Signing up Barclays shareholders took time and effort. But by last Christmas, they reached the threshold of investors required to put a resolution on the agenda for the bank’s annual meeting in May. The supporters included more than 100 individual investors and a dozen institutions, including Brunel Pension Partnership Ltd. and Sarasin & Partners. The Church of England and Jupiter Asset Management also backed the proposal.
After the resolution became public, she finally did get an audience with the bank’s decision makers, including three meetings with Higgins. She declined to comment on the particulars of the discussions, citing confidentially agreements.

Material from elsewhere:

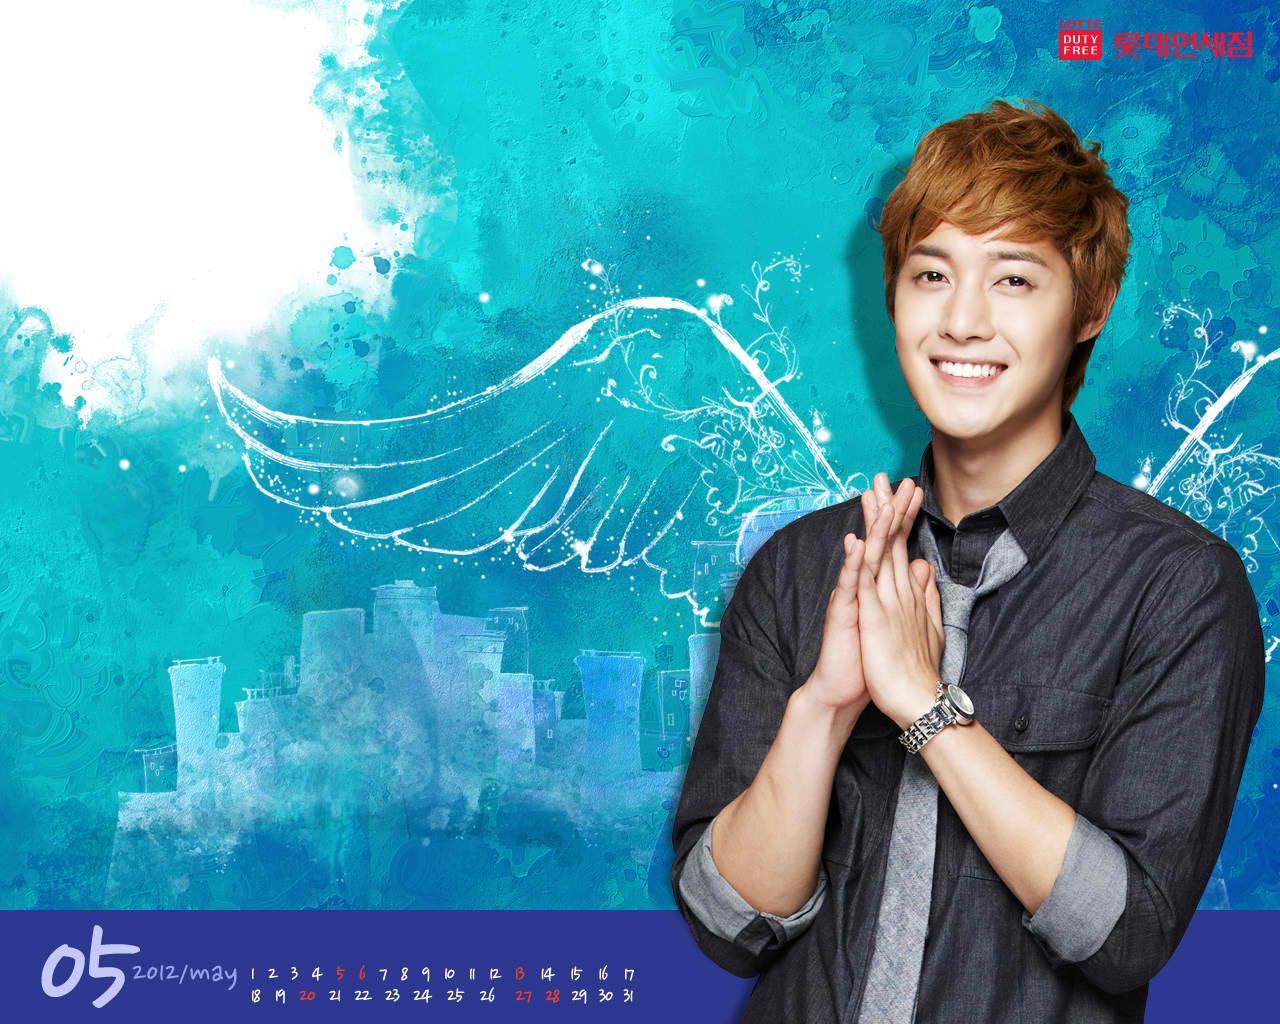 PICTURES Kim Hyun Joong's Lotte Duty Free May 2012 Wallpaper

Dominic Burke, investment director at Lankelly Chase and part of the group that filed the resolution, attended some of the meetings and said Barclays didn’t engage with the substance of the group’s demands. Though the bank’s team suggested they shared the non-profit’s core concerns about climate change, they took issue with the wording of the resolution that requested a phasing out of fossil-fuel financing, he said. The bank’s alternative gave it more latitude to trumpet its green credentials and continue to finance polluters, Burke said.
While Howarth didn’t get what she wanted — only 24% of shareholders supported ShareAction’s resolution, which was far below the threshold required for Barclays to adopt it — she is playing the long game and considers the resolution to be a successful endeavor.If her experience of shareholder advocacy teaches her anything, it’s that patience pays. Seven years after ShareAction filed a resolution requesting that Royal Dutch Shell Plc stop investing in carbon-heavy tar sands projects, a proposal that received less than 15% shareholder support, the company said in 2017 it would sell most of its Canadian oil sands assets.
And Barclays has “moved an extraordinary distance in the last 12 months,” Howarth said. At the end of November, the bank said it joined an industry-wide group that measures emissions from lending and underwriting, developed its own methodology for calculating funded emissions, and affirmed its ambition to align its financing with the Paris agreement.
She also thinks she’s figured out the key to success for climate action in the finance industry: appeal to financiers’ animal spirits.
“You’re not going to get these people necessarily to do anything out of the goodness of their hearts, but if you can harness the competitive spirit between them, it can be extraordinarily productive,” Howarth said.